For this week’s post, I am back in the Barbican, looking for the location of one of my father’s photos of the area, taken soon after the war and before redevelopment had started.
The photo shows a derelict building standing alone with surrounding buildings having been demolished down to their foundations. There appears to be a street running in front of the building.
Whilst the street has disappeared in the rebuilding between London Wall and the Barbican, I will hopefully bring the street back to life by discovering the history of Monkwell Street.
Where was the location of the photo and Monkwell Street? The 1894 Ordnance Survey map shows the street in the centre of the following extract (under the V of St Olave) running roughly north – south, terminating at the junction with Wood Street Square and Hart Street, just south of the church of St Giles Cripplegate which is almost the one fixed point we can find in the same area today (All OS maps are credit: ‘Reproduced with the permission of the National Library of Scotland’ .

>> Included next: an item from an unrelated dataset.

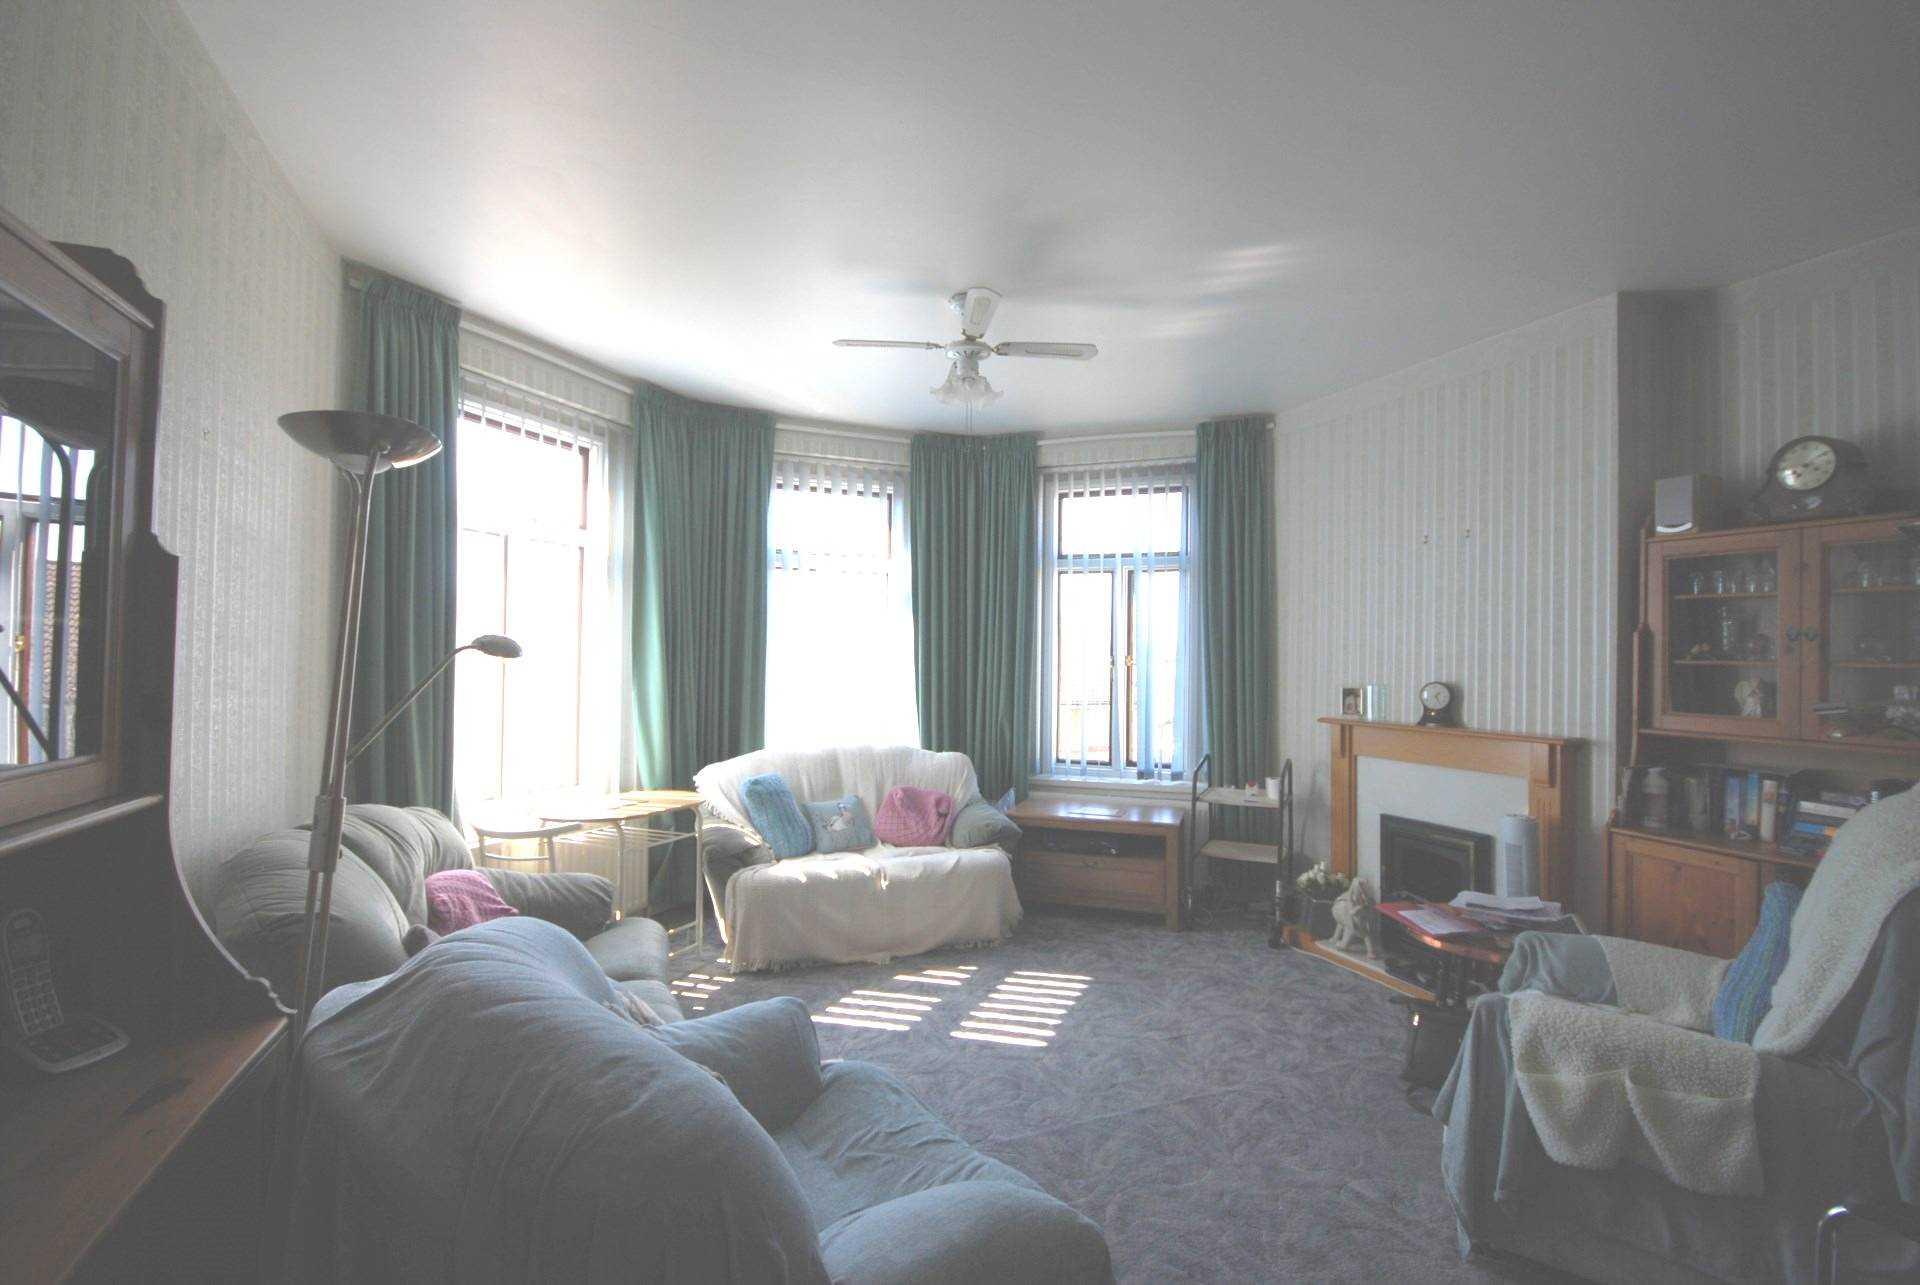 Etloe House, Leyton, E10 7DF, Image 4

This photo was from a negative, so there were no written details of the location. I was able to find the location of the photo by using some of the features in the background, and the 1951 revision of the Ordnance Survey map.

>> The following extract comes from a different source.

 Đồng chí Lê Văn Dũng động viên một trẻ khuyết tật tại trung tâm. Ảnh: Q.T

If you look at the original photo, just to the left of the derelict building is a church tower. This is the church of St Mary Aldermanbury, and the view to the church tower is just over the small brick extension to the ground floor at the rear of the building.
Drawing a line between the corner of the derelict building and the church tower on the 1951 map gives an idea of where the photo was taken.
I have marked up the photo with details of what is in the scene, including some of the background details such as the spires of the Guildhall, and the location of Wood Street and Monkwell Street.
There are a couple of additional photos of the same view, and using these I can narrow down the location for all photos to within the yellow oval in the following map, where there is a passageway from Monkwell Street to a small open space in front of the Barbers’ Hall.
The Worshipful Company of Barbers’ is one of the City’s livery companies and had an address on Monkwell Street, although was set back from the street and reach through a passageway.
In the following photo of the same view, but from a slightly different position, there is a pavement between the remains of walls in the foreground. This is the passageway leading from Monkwell Street to the Barbers’ Hall.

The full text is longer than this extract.